Evaluating reasons for disinheritance

Some difficulty can arise in BC wills variation claims, as there is a line of authority in our province which holds that a child may be disinherited by a parent if the expressed reasons for disinheritance are valid and rational—it is not necessary to find the reasons were justifiable. There is a disconnect between this subjective approach and the objective Tataryn approach. A will-maker’s reasons for disinheritance may be factually valid, and rational in the sense of having a logical connection to the act of disinheritance, but not necessarily determinative of what a fair and judicious parent would do in the circumstances, by reference to contemporary community standards. The Enns wills variation case demonstrates this analytical rift. Mary’s reasons for the limited bequest to Norma were at least to some extent factually valid, and rational in the sense of having a logical connection to the act of disinheritance. However, when the court considered Mary’s reasons for disinheritance in the broader context, the reasons did not hold up.

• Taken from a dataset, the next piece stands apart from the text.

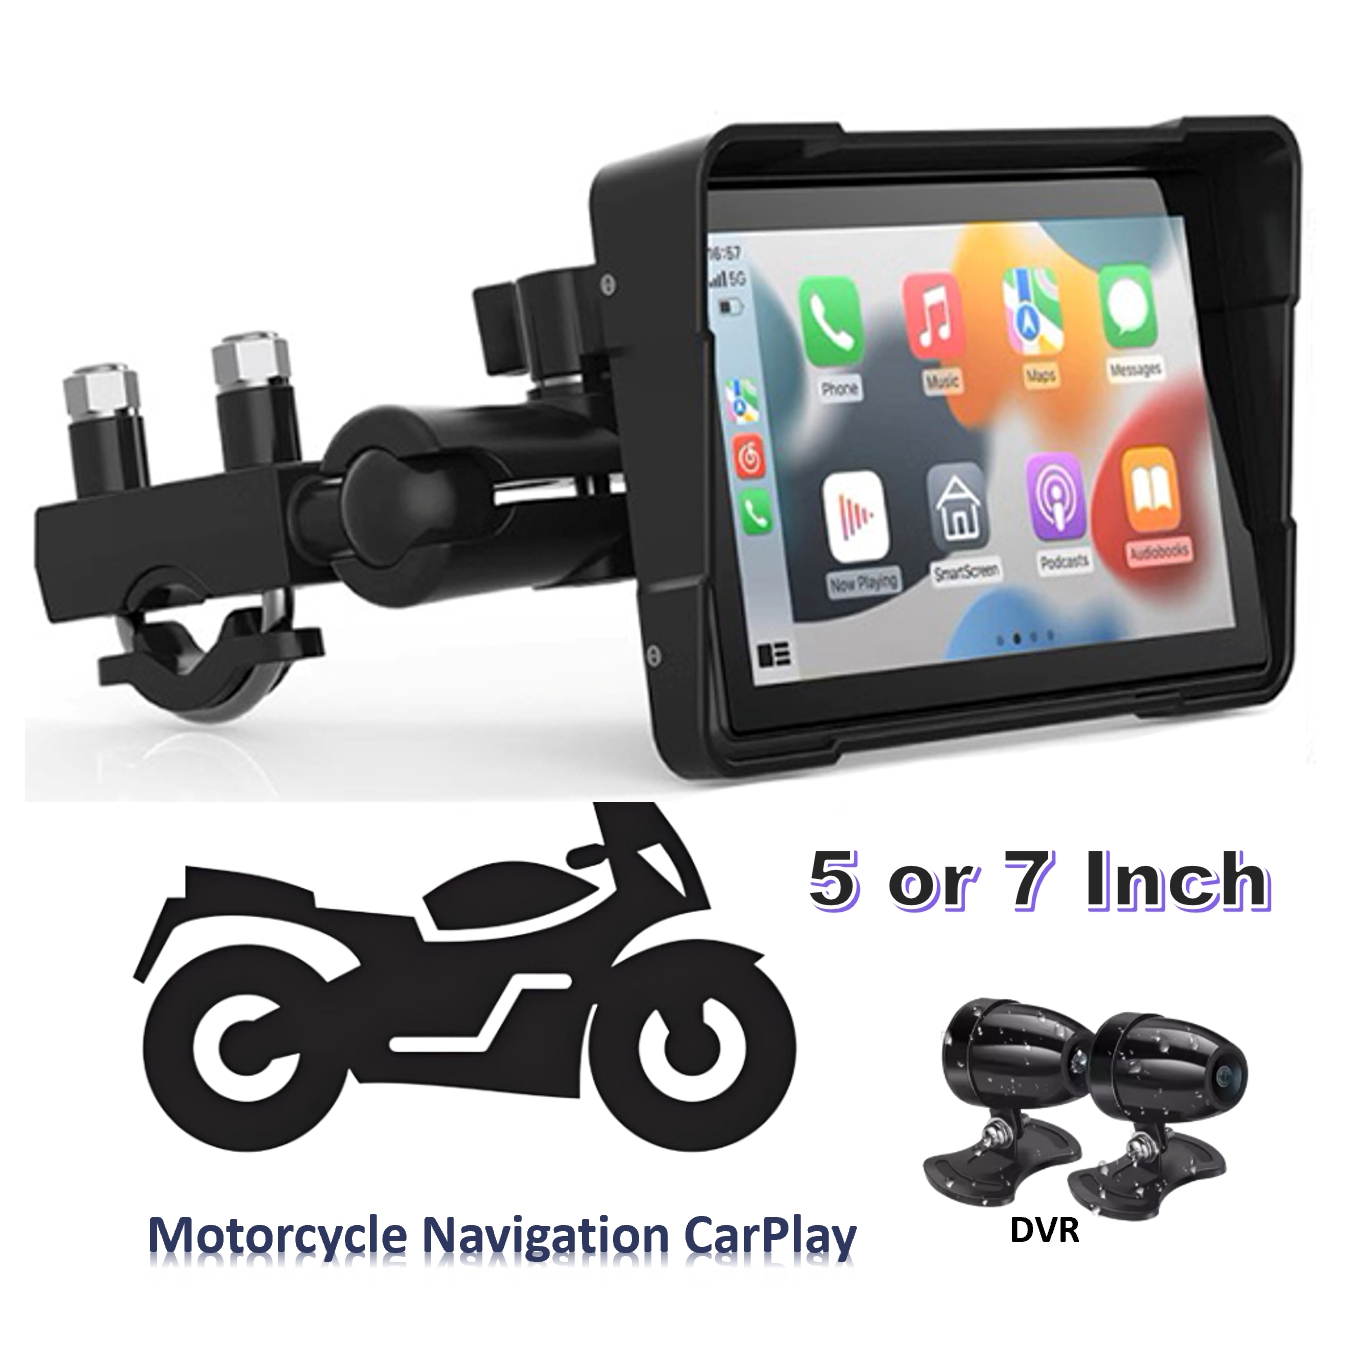 Zmecar Motorcycle Car Play IP67 Waterproof 5 Inch Touch Screen Android Auto DVR BT Navigation GPS Motorcycle Carplay

Wills variation claim allowed

Mary’s will did not make adequate provision for the proper maintenance and support of Norma. The size of the estate was adequate to satisfy Mary’s moral obligation to Norma, and Mary’s subjective reasons did not negate this moral obligation. The Honourable Mr. Justice Branch concluded that society would not reasonably expect a restriction to less than 1% of a $1.1 million estate for an adult daughter who gracefully fulfilled all her duties to her mother for 36 of her 38 adult years, all in the face of mean-spirited attacks on both her and her husband. This small percentage was outside the range of acceptable options.

Spite cannot support a rational approach to testamentary decision-making

The two-year estrangement was triggered by an honest misunderstanding. The diminished moral duty Mary may have felt when she prepared her 2009 will may have been legitimate at that time. But it is the time of her passing which is the operative time for the evaluation. By the time of her death, Mary and Norma were no longer estranged, yet Mary was unwilling to adjust to the new facts that developed from the 2011 reunion until her passing in 2015. Mary’s subjective reasons for essentially disinheriting Norma were not rational in that they did not reflect community standards, and further, were completely out of proportion to the alleged offences, contained an element of spite, and failed to reflect actual existing conditions. Justice Branch was also troubled by the fact that Mary put Elizabeth and Norma on the same financial footing at the time of creating her will, when her estrangement from Norma had only just begun a few months prior, whereas she had not seen Elizabeth for 12 years. This suggested some level of emotional reaction rather than a rational approach.

Take home point on BC wills variation claims

When a court is considering whether expressed reasons for disinheritance were valid and rational, it is entitled to resort to the concept of community standards. Those standards are unlikely to be met in the case of disinheritance that contains an element of spite, where the disinheritance is completely out of proportion to the alleged “offences” of the child, or where the disinheritance fails to reflect actual, existing conditions at the time of the parent’s death.